■ Data extracts
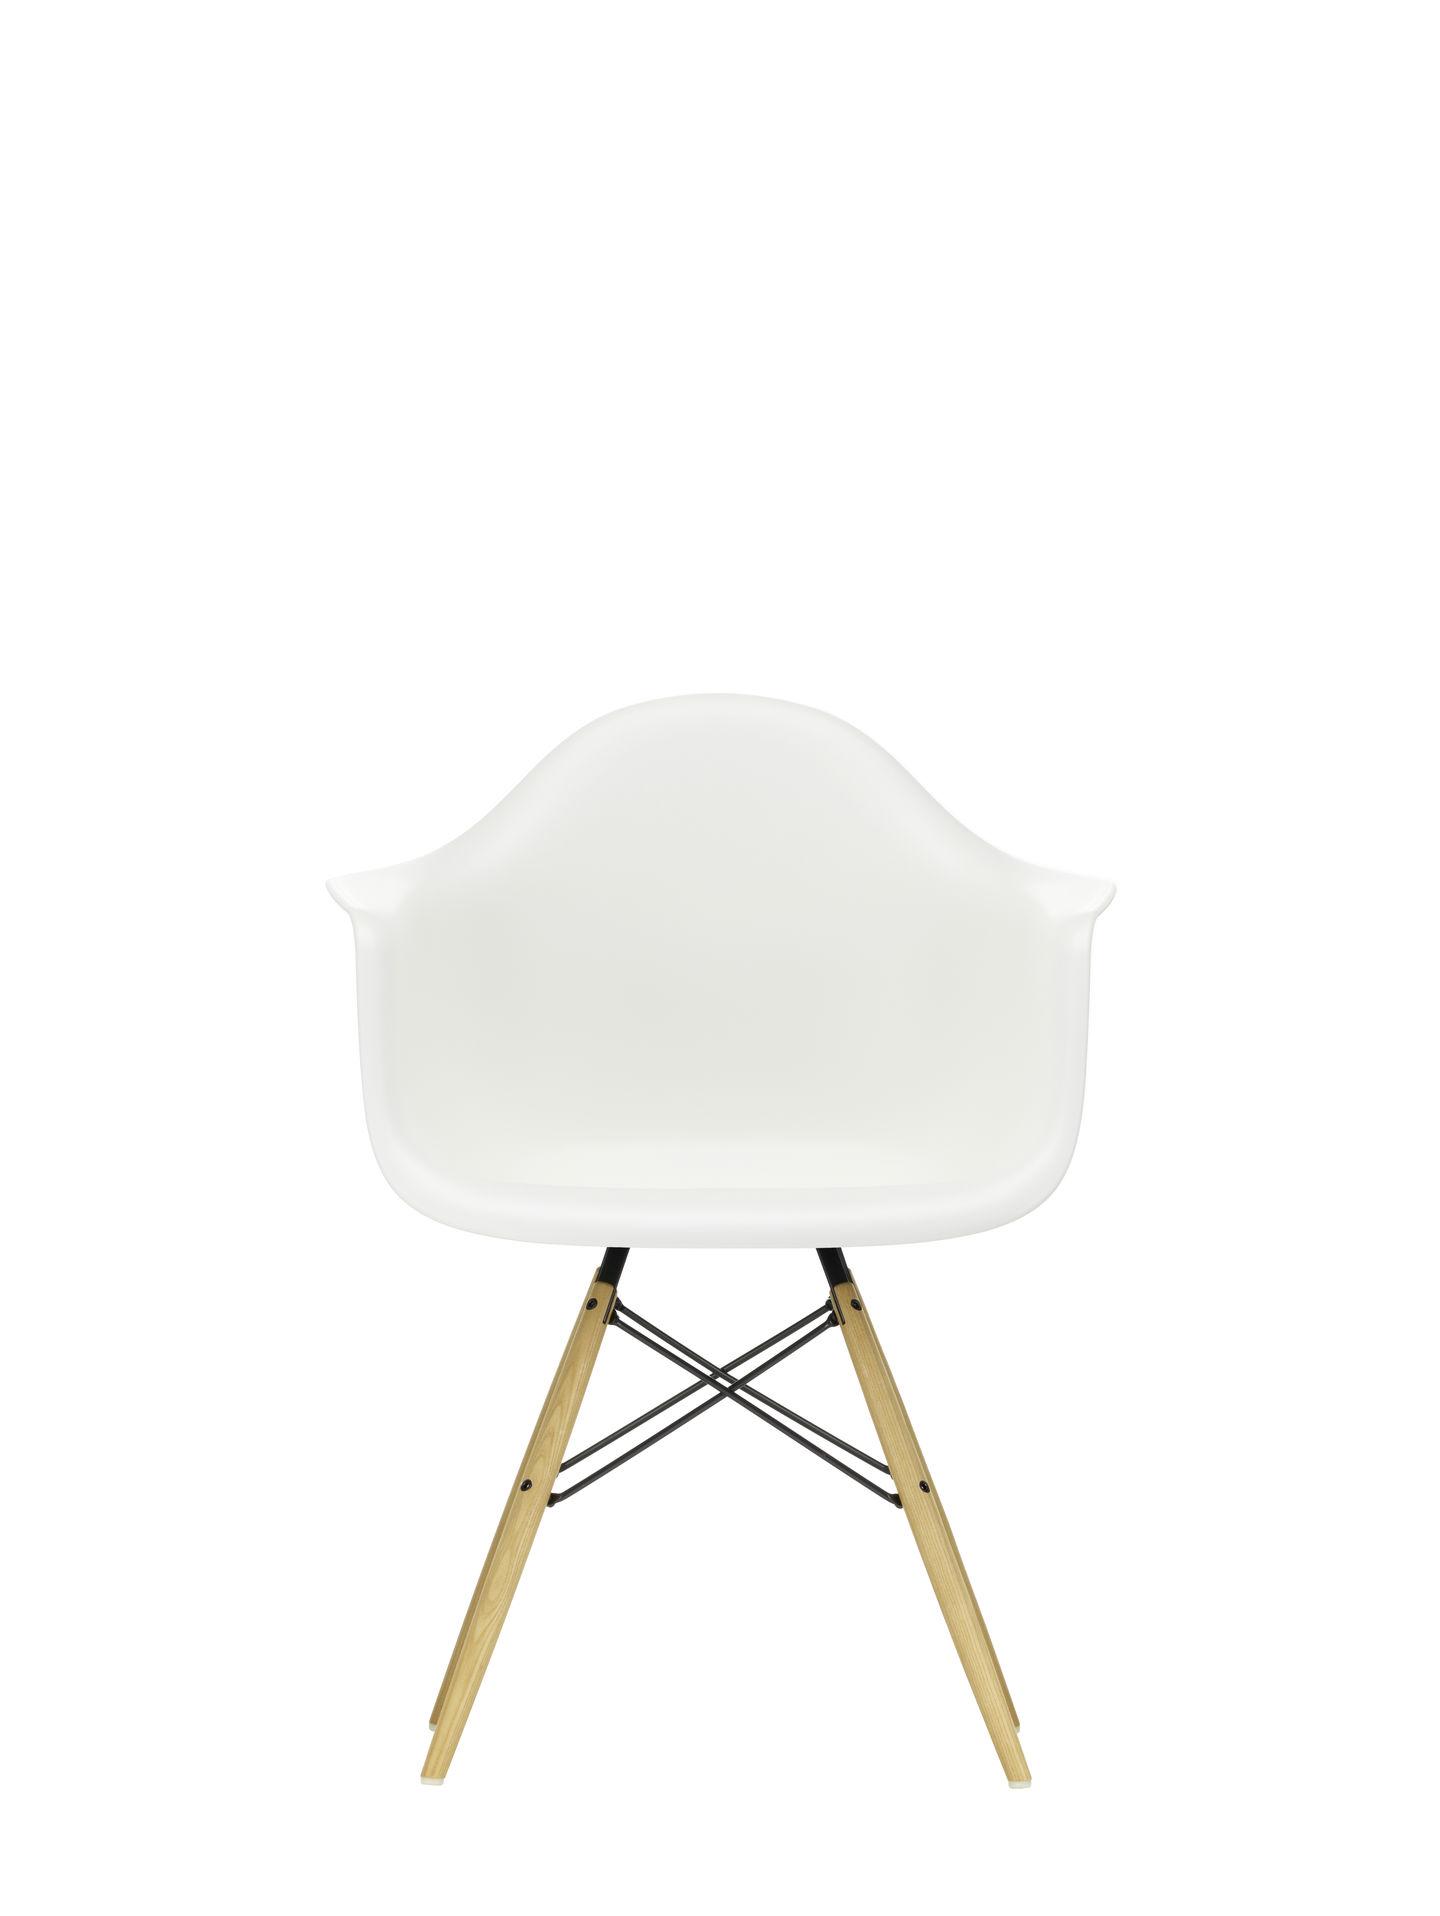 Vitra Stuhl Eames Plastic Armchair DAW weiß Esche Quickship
...
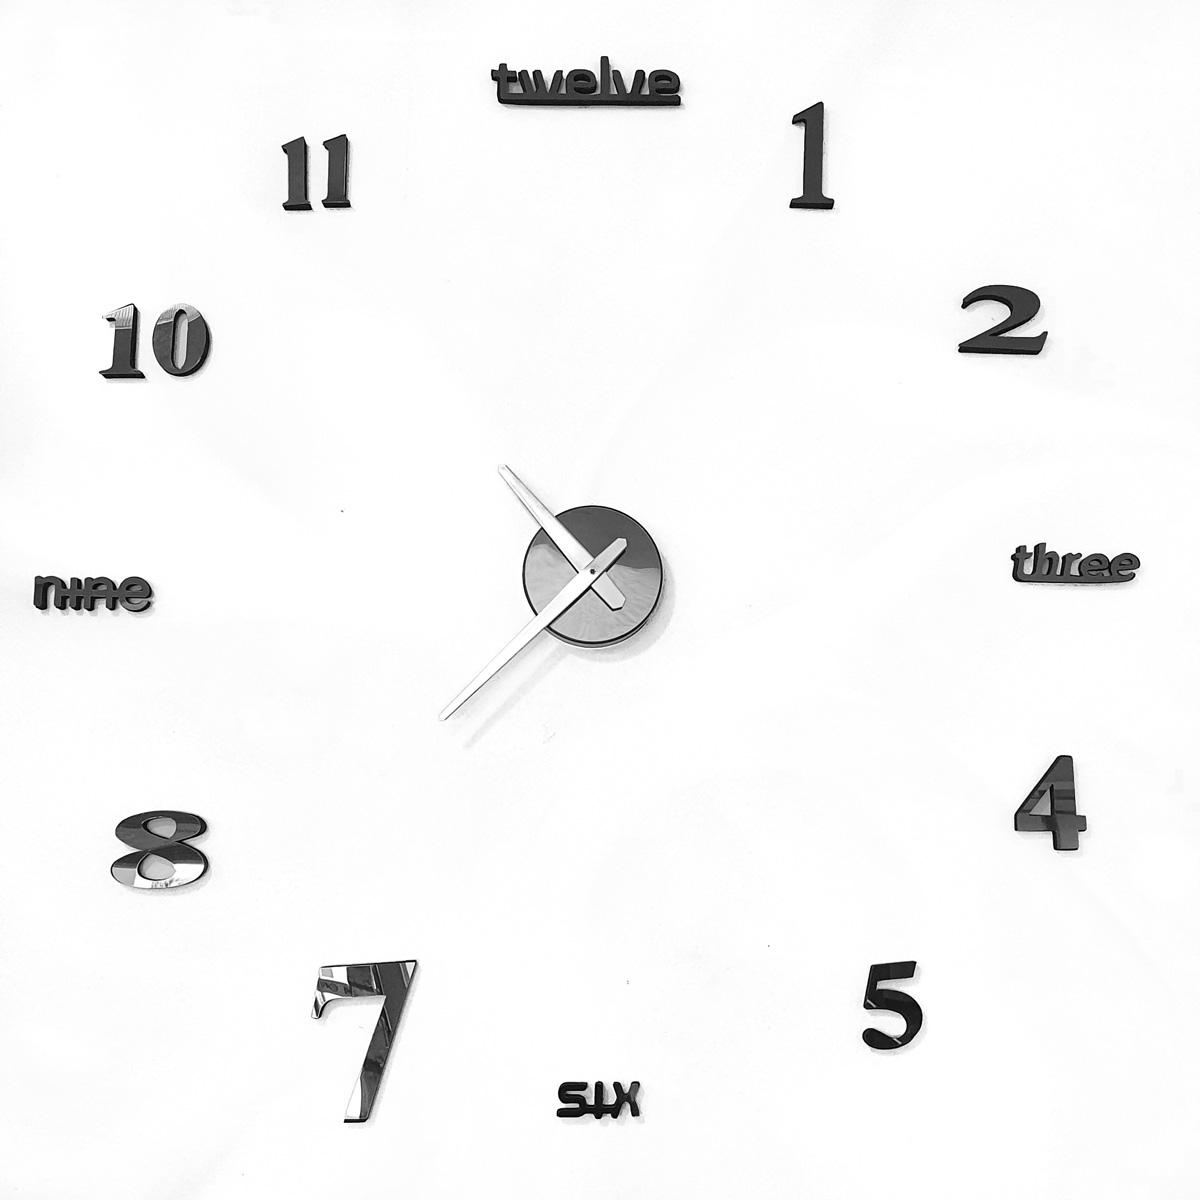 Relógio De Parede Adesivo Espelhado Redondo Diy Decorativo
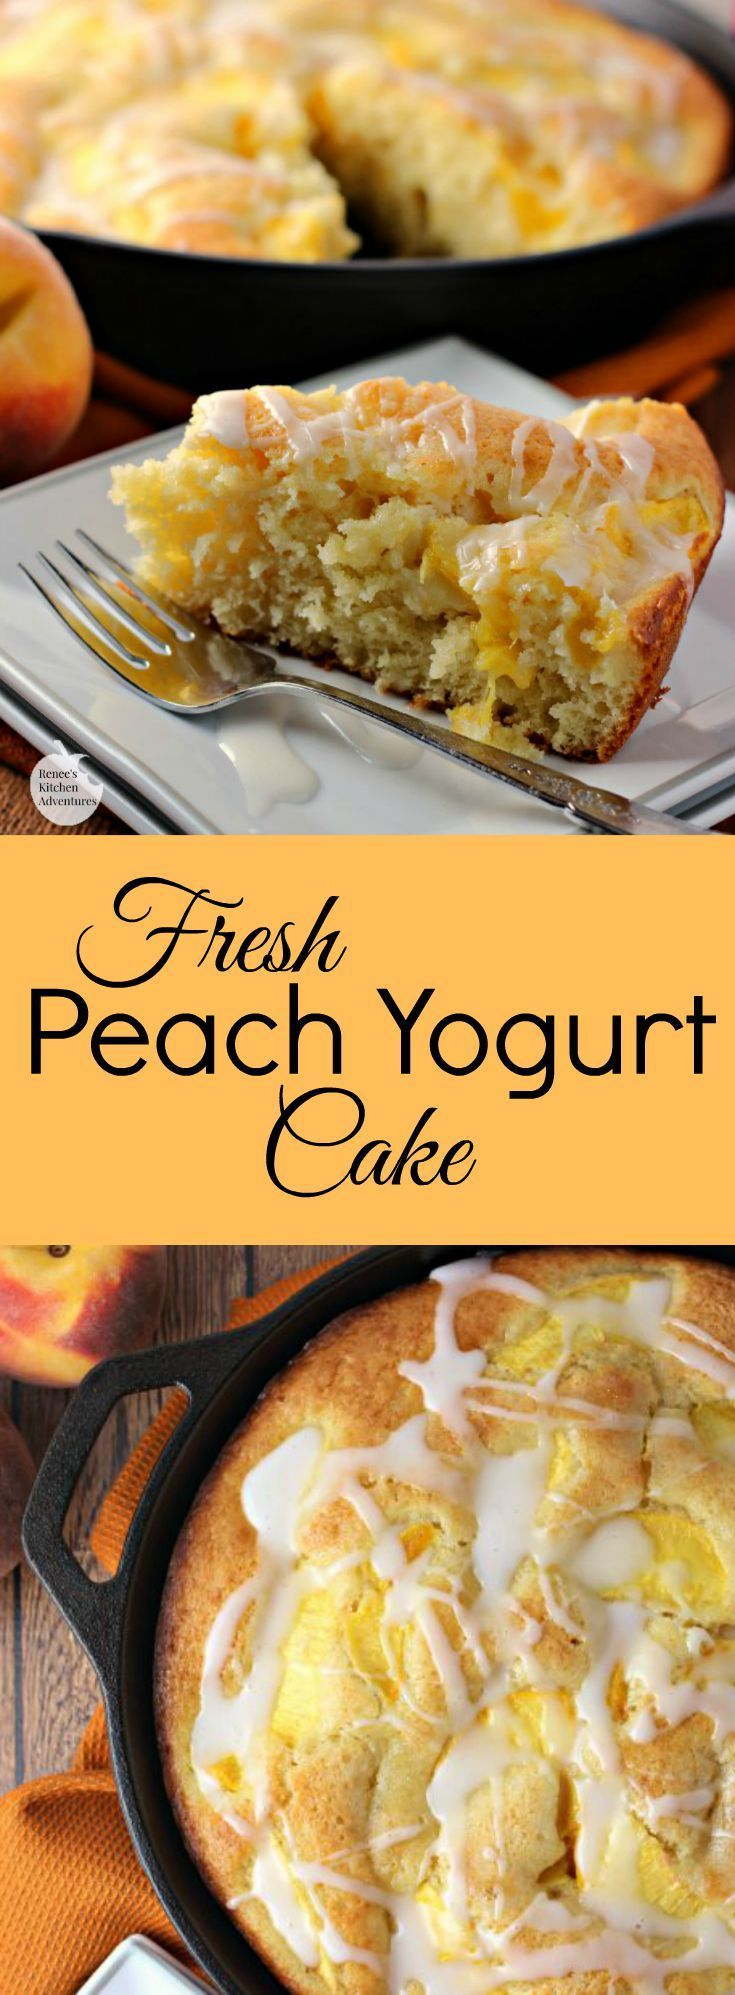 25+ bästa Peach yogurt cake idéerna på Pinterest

■ The problem
Please copy out from the data above, without any picture, exactly the lines running from the one that holds "Relógio De Parede" through the one that holds "25+ bästa Peach", and nothing beyond them.

■ Your solution
 Relógio De Parede Adesivo Espelhado Redondo Diy Decorativo
 25+ bästa Peach yogurt cake idéerna på Pinterest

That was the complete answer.